DATA EXTRACT ▸
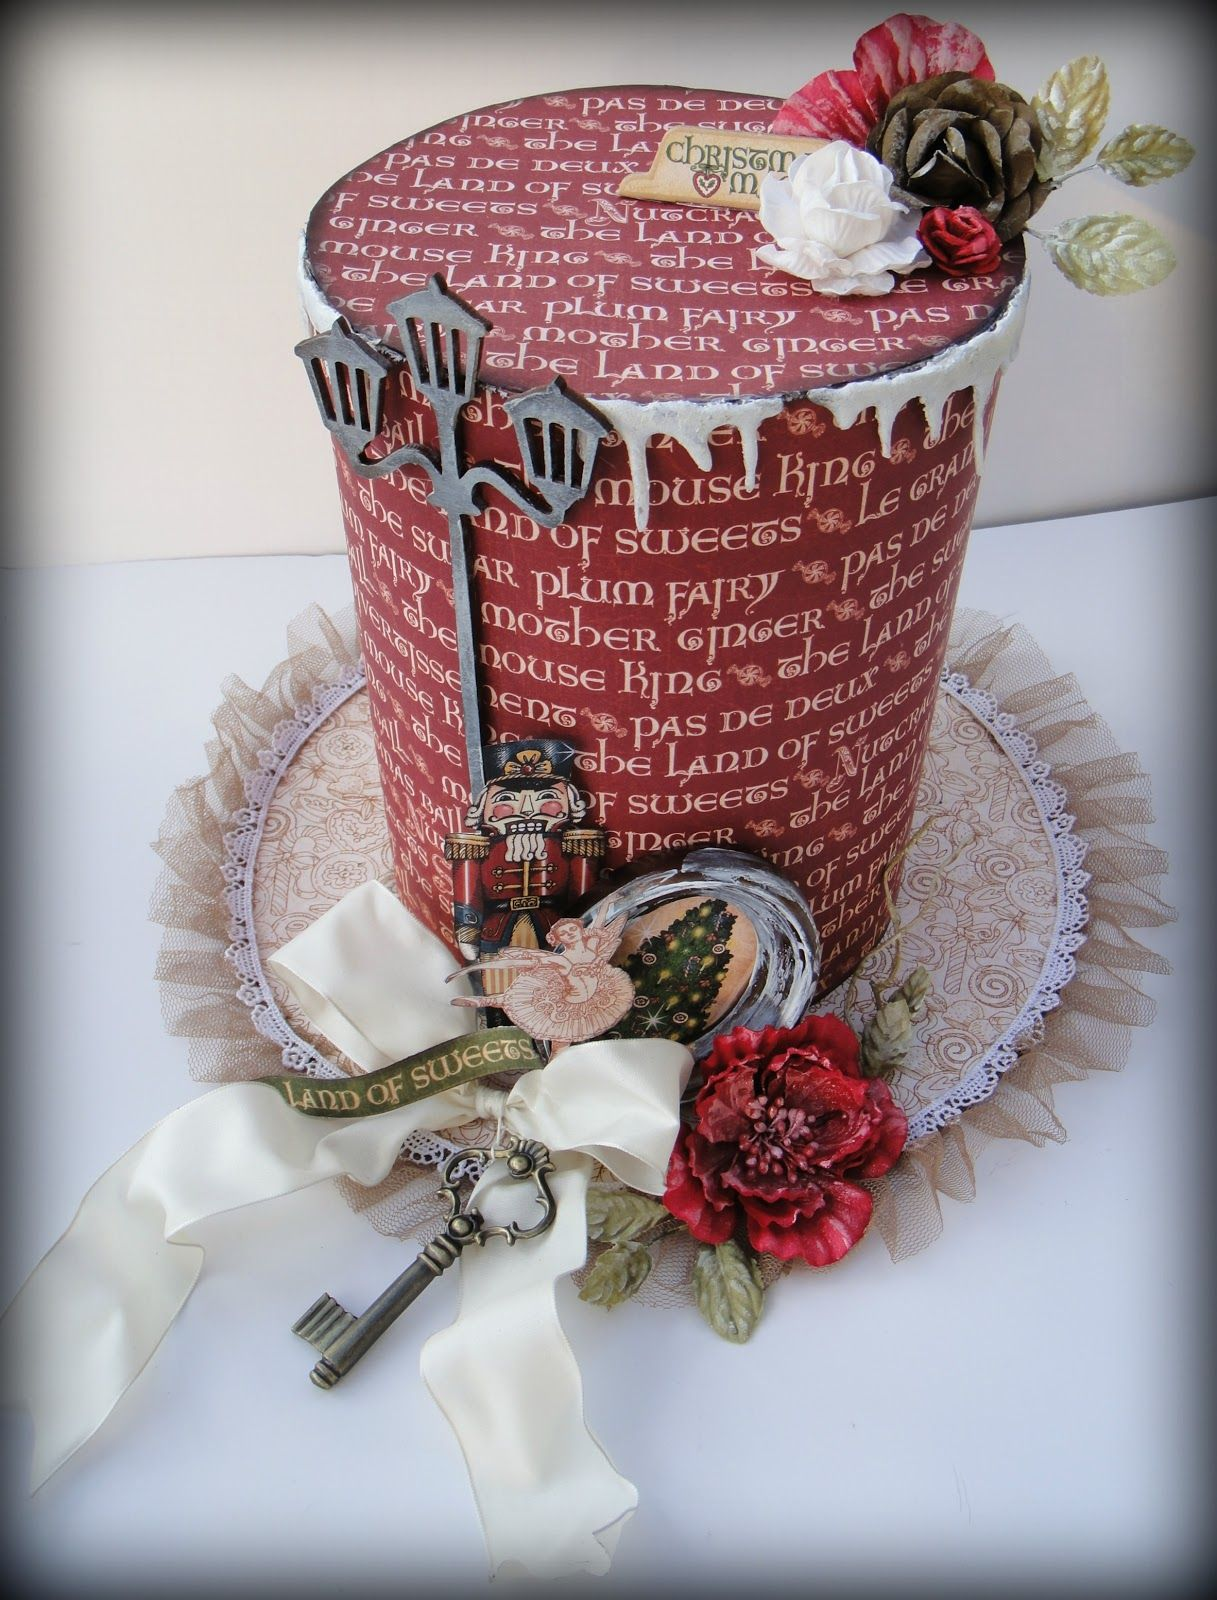 http://3.bp.blogspot.com/-_xsRGSfDpXo/UMfKBBn_CdI/AAAAAAAAClc/ESx9UPdBV5c/s1600/top+hat.jpg
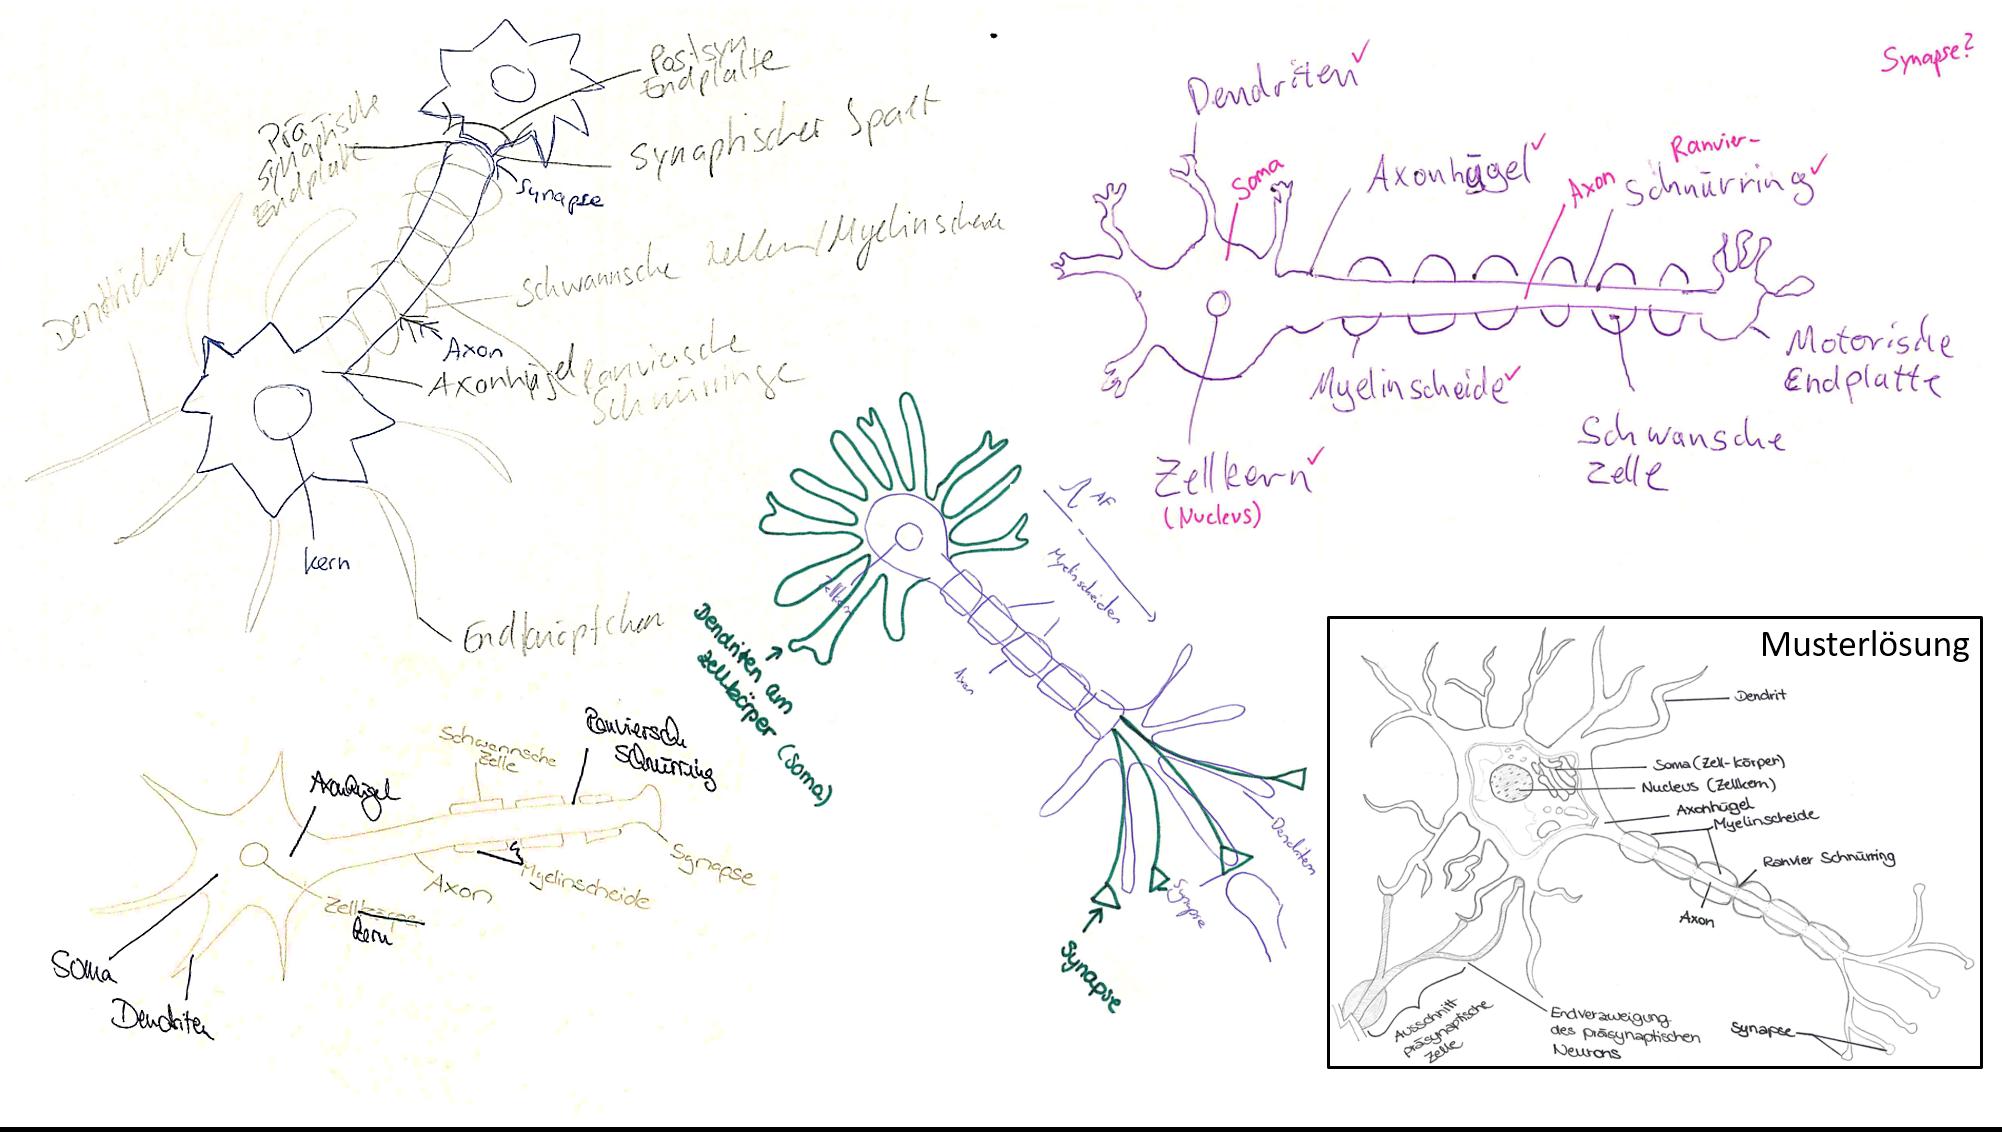 Abb. 1: Studierende zeichnen eine Nervenzelle. Nach dem fachlichen Input durch eine Lehrperson, verbessern Sie die Zeichnung eines Mitstudenten oder -studentin und interpretieren die Fehler.
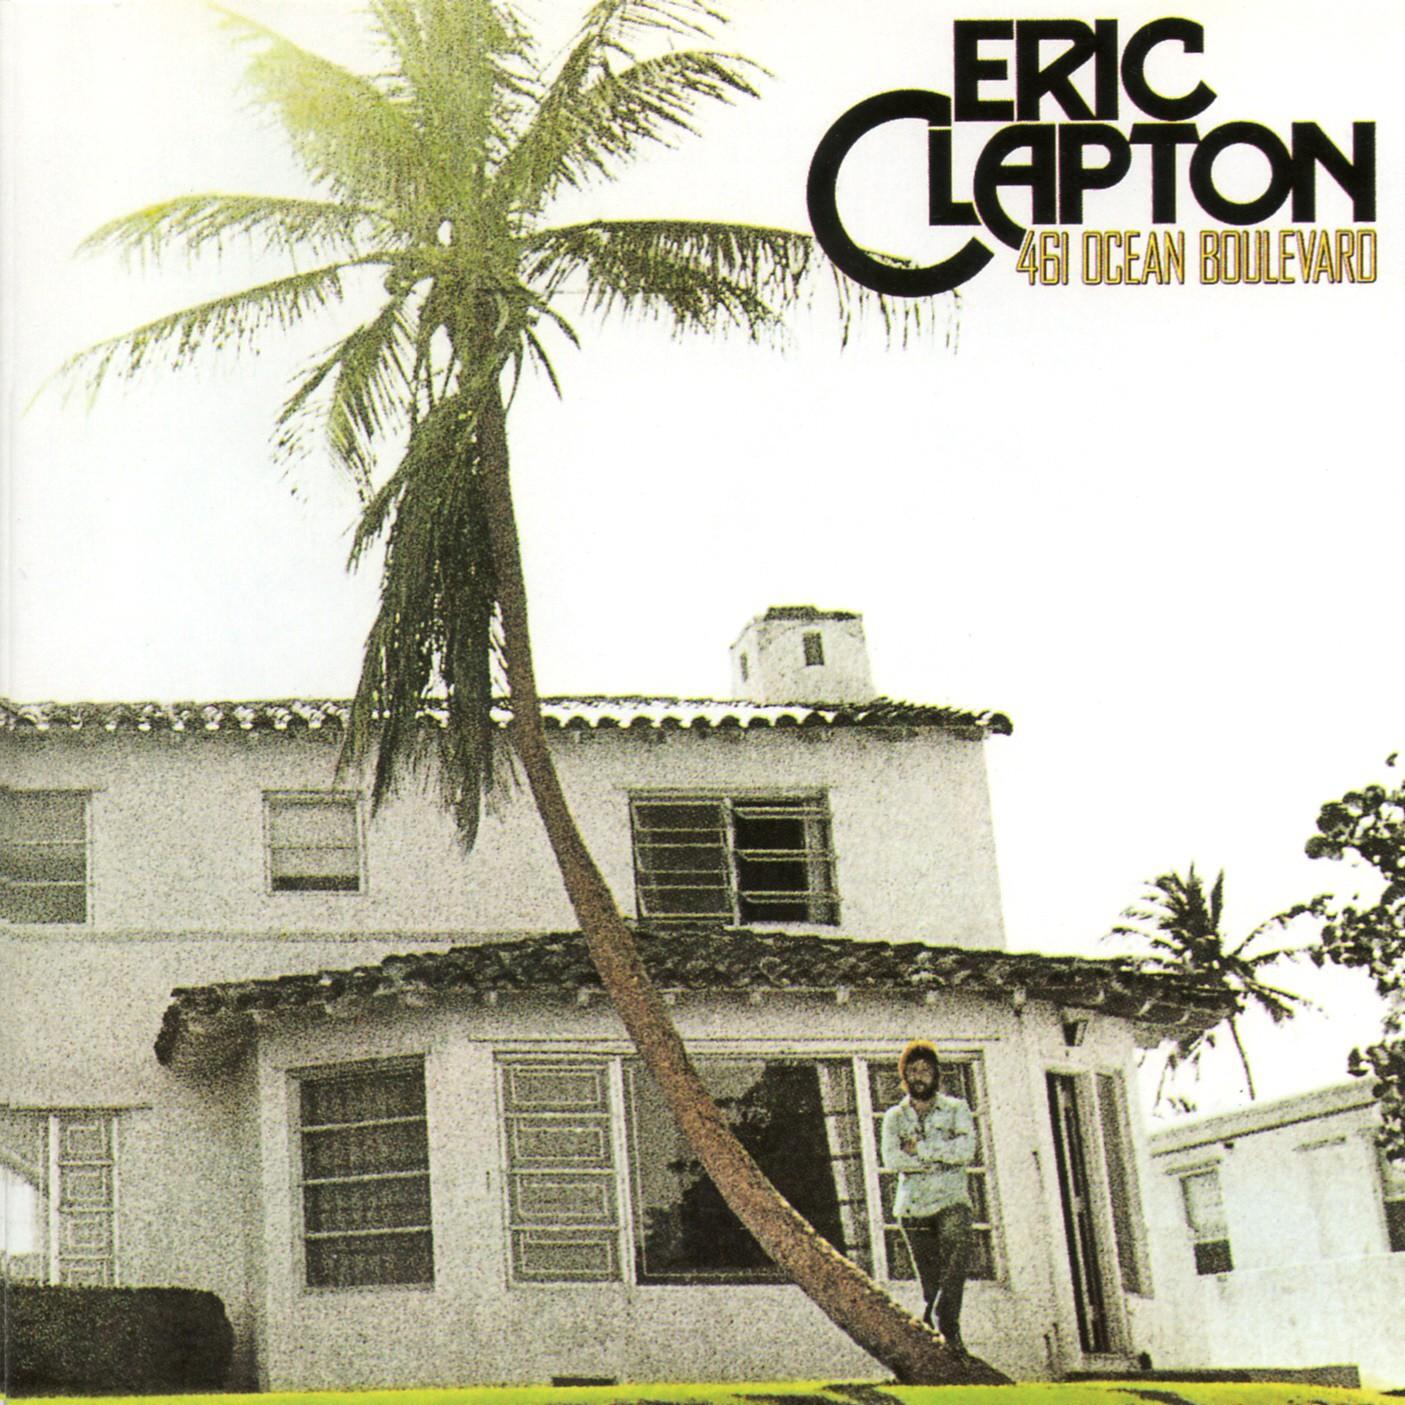 Eric Clapton 461 Ocean Boulevard Viva Vinyl Viva Vinyl
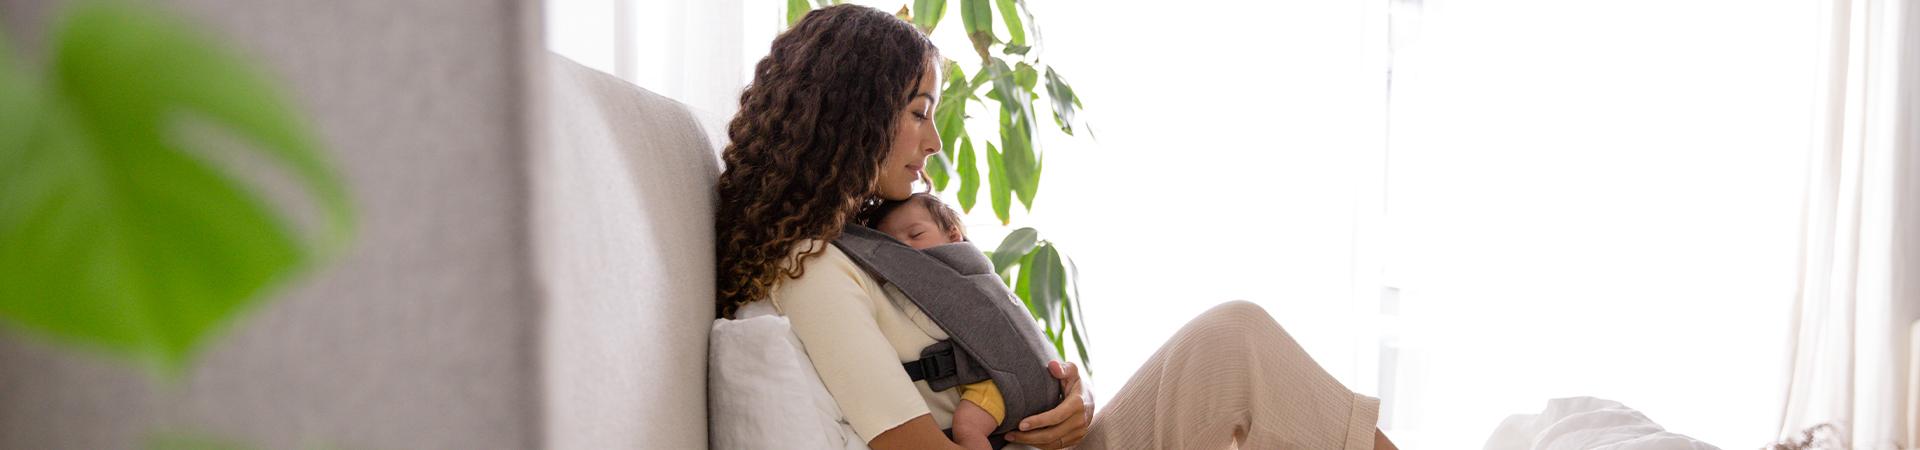 Il confortevole marsupio per neonati Embrace

YOUR INSTRUCTIONS ▸
Reproduce the material exactly. Pictures stay out.

TASK SOLUTION ▸
 http://3.bp.blogspot.com/-_xsRGSfDpXo/UMfKBBn_CdI/AAAAAAAAClc/ESx9UPdBV5c/s1600/top+hat.jpg
 Abb. 1: Studierende zeichnen eine Nervenzelle. Nach dem fachlichen Input durch eine Lehrperson, verbessern Sie die Zeichnung eines Mitstudenten oder -studentin und interpretieren die Fehler.
 Eric Clapton 461 Ocean Boulevard Viva Vinyl Viva Vinyl
 Il confortevole marsupio per neonati Embrace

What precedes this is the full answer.